In any given discipline, from business to academia, there is a need for data analysis. Among the most popular tools to analyze data sets is R, a programming language that allows you to easily perform statistical analyses and create data visualizations.
In this post, I'm going to share with you the best tools to manipulate datasets in R such that they're easy to analyze. In addition, you'll be introduced to a wide variety of visualization tools that are sure to bring your data to life. If you haven't used R before, no problem! I'll get you set up with the proper software.
This week, save 50% on some of our top R products or pick up any 5 for $50. It's the perfect opportunity to push your analytical skills forward, and get even more out of R...
Downloading R is all well and good, but doing significant work with the language is best done using an integrated development environment, or IDE. One of the most popular choices is RStudio, with support for Mac, Windows, Debian, Ubuntu, and RedHat. Downloading is painless: click this link and choose the proper download for your system and architecture. After installing, fire up RStudio. You're now ready to begin programming with R!
Learning a new programming language is tough, especially if you haven't learned one before. Luckily, there are dozens of great resources available to teach you the ins-and-outs of R. While MOOCs are always an option, you might have better luck using sites like DataCamp or Code School. If you'd rather go old school, I’ll recommend the PDF R for Beginners.
The coolest option that I've seen of late is a package called swirl. This package allows you to learn about R right within RStudio. If I were relearning the language, this would be my first stop.

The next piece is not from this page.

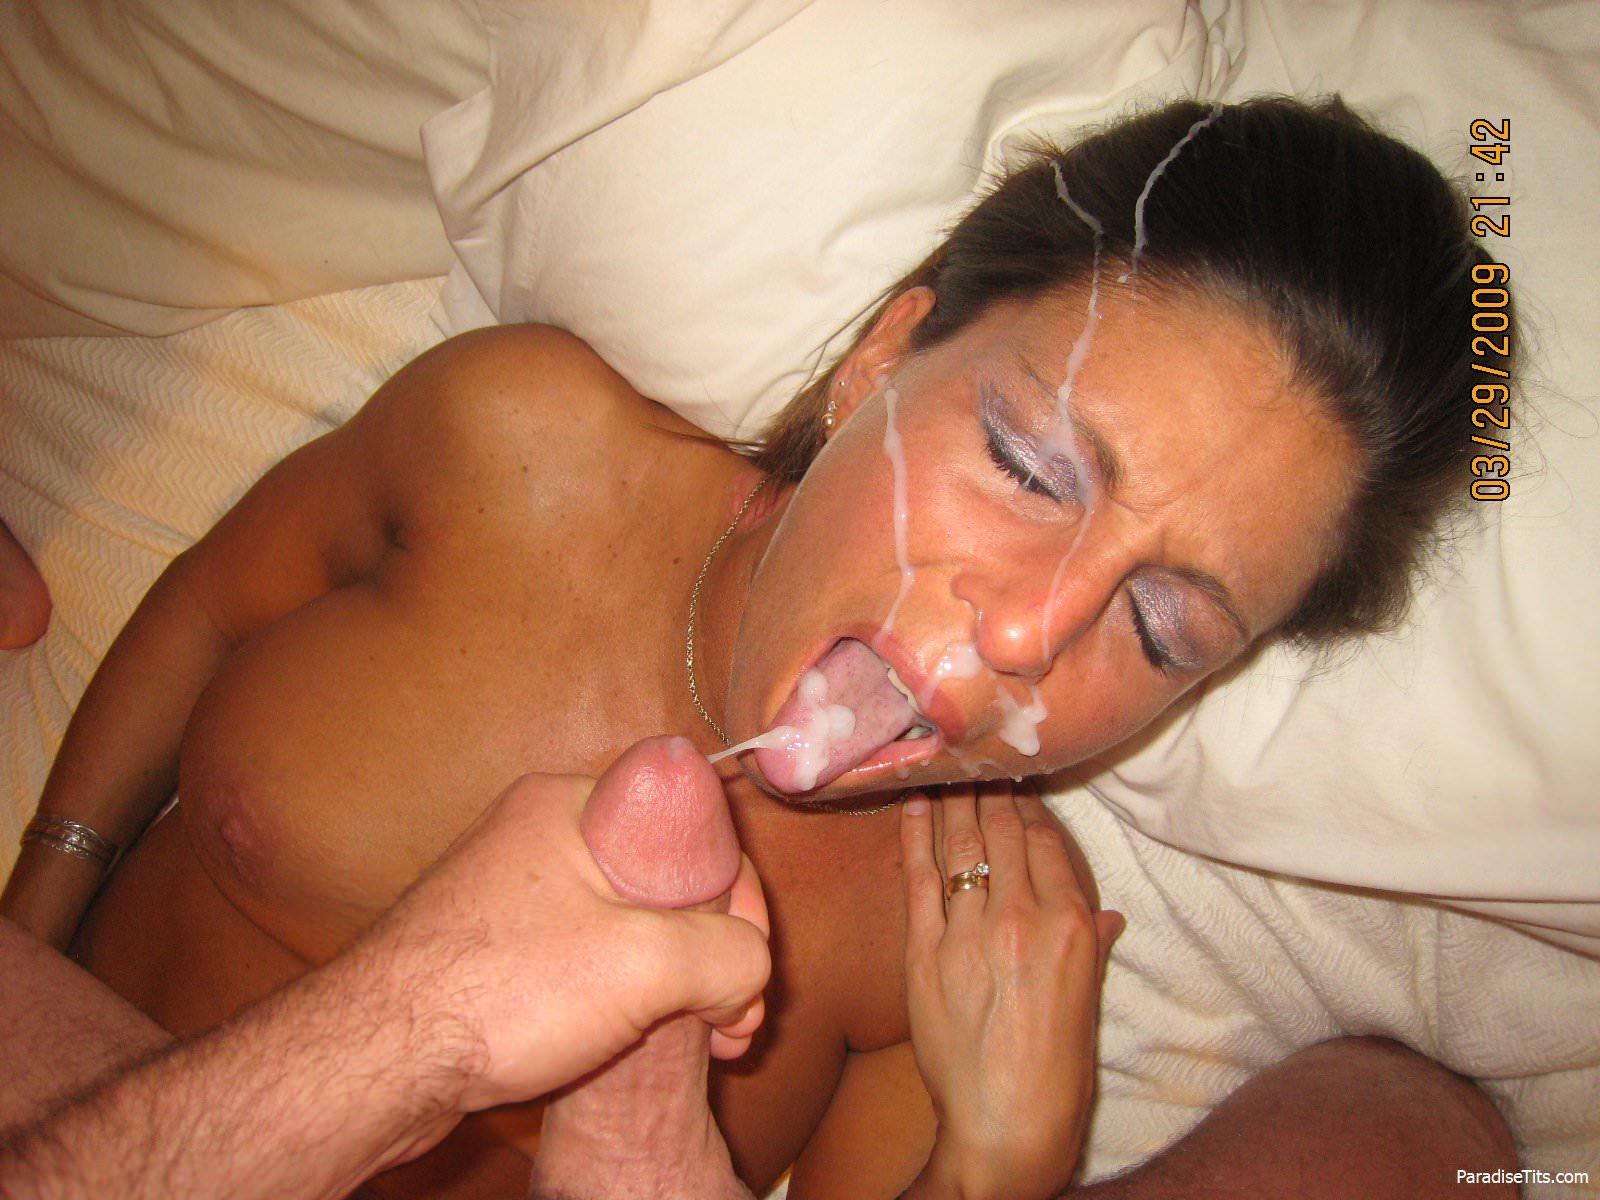 Фото сперма на лице у мамы - 3d-ecmwatch

R by itself can do quite a bit, but the real fun comes in with packages. Put simply, packages extend the functionality of R to do just about anything users can dream of. Don't believe me? Check out all 8,153 of the packages currently available (as of 26/03/2016).
At their core, R packages are just libraries of specially-created R functions. Rather than making an R function and keeping it for the good of one, programmers in the R community share their R functions by packaging them up and sharing them on the Comprehensive R Archive Network (CRAN).

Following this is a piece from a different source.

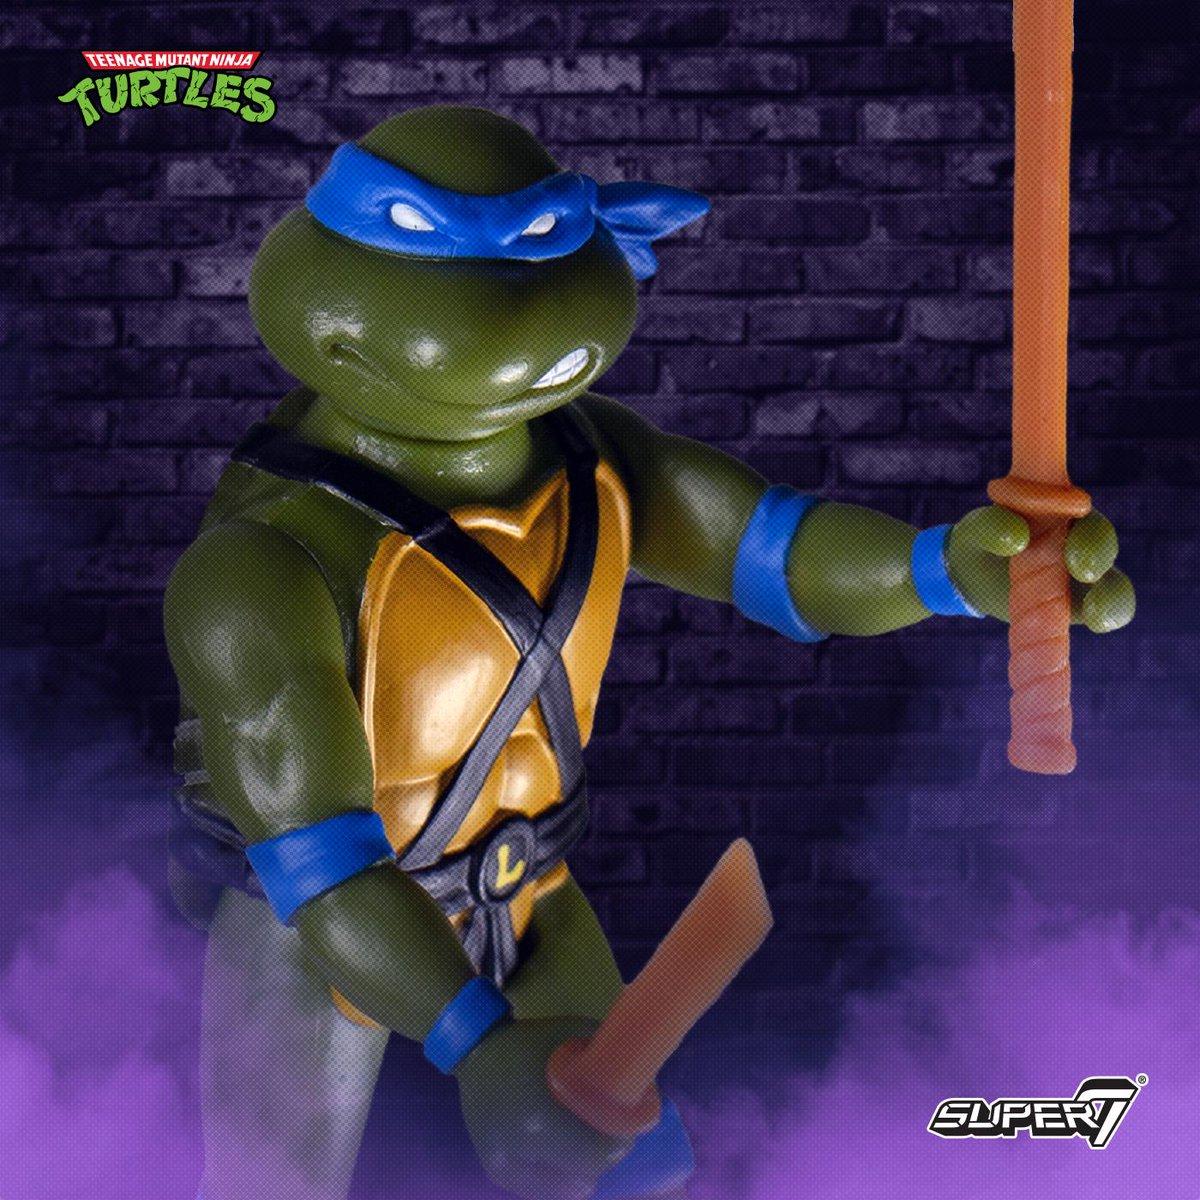 Super 7 Teenage Mutant Ninja Turtles Teenage Mutant Ninja Turtles réaction Bebop et Rocksteady Wave 1 Lot

Not all packages are going to come in handy to beginners. That's why I listed some that are integral to any work in R, whether you're a newcomer or a PhD-holding statistican.
- swirl: You can learn R right within RStudio using this package. Lessons take 15-20 minutes, so you're guaranteed to walk away with having learned something, even if only on a coffee break.
- tidyr AKA "Tidy R": Cleans up datasets. This package was actually made by the developers of RStudio. As RStudio describes, tidyr allows users to easily manipulate datasets by categorizing columns of your data. Performing statistical analysis on those columns then becomes a cinche.
- dplyr: Goes hand-in-hand with tidyr. Easily creates data tables (think Excel table), more frequenty referred to by the R community as data frames.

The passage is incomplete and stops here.